Он знал, что должен сделать — позволить прошлому умереть.

Волдеморт был их прошлым. Страшным чудовищем с белой кожей и красными глазами, который охотился за ними, пытал их и являлся Гарри во снах. Гермиона пыталась закрыть дверь перед этим образом, и Гарри понимал ее, соглашался с ее суждениями — и не мог забыть.

Волдеморт убил его родителей. Гарри прижал палец к шраму на лбу: тот болел так же, как и в прошлом, и порой Гарри просыпался с утра и не мог вспомнить, где он находится. Ему казалось, что сейчас он откроет глаза и увидит обеспокоенное лицо Рона, услышит о планах Ордена Феникса, увидит Сириуса… Гарри не хотел забывать все то, чем они пожертвовали в этой борьбе.

Он не хотел забывать Волдеморта. И того, что он сделал.

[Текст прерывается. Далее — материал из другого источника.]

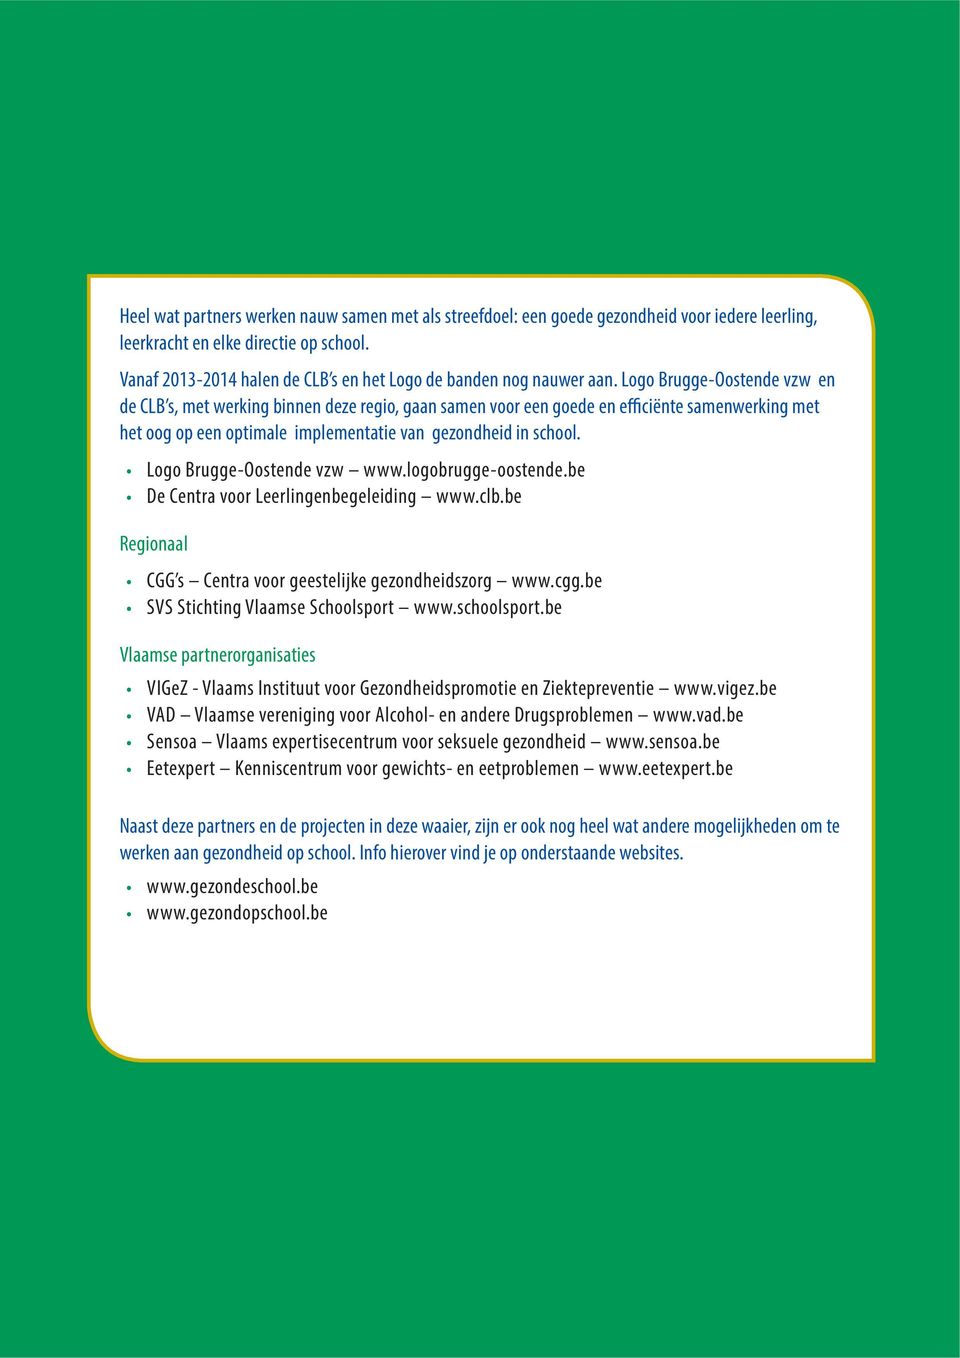 Logo Brugge-Oostende vzw en de CLB s, met werking binnen deze regio, gaan samen voor een goede en efficiënte samenwerking met het oog op een optimale implementatie van gezondheid in school.

— Гарри, — Гермиона погладила его по щеке. — Тебе придется отпустить все это. Даже без Тома и Волдеморта — мы должны двигаться дальше. Мы не можем цепляться за прошлое.

— А как же Рон? Ремус? Тонкс?

— Мы защитим их, — она продолжала обнимать его, словно он был ребенком. — Но мы не будем их оплакивать, Гарри. Потому что они не мертвы. Ты должен понять это.

— Я понимаю.

— Правда? — она смотрела на него с жалостью.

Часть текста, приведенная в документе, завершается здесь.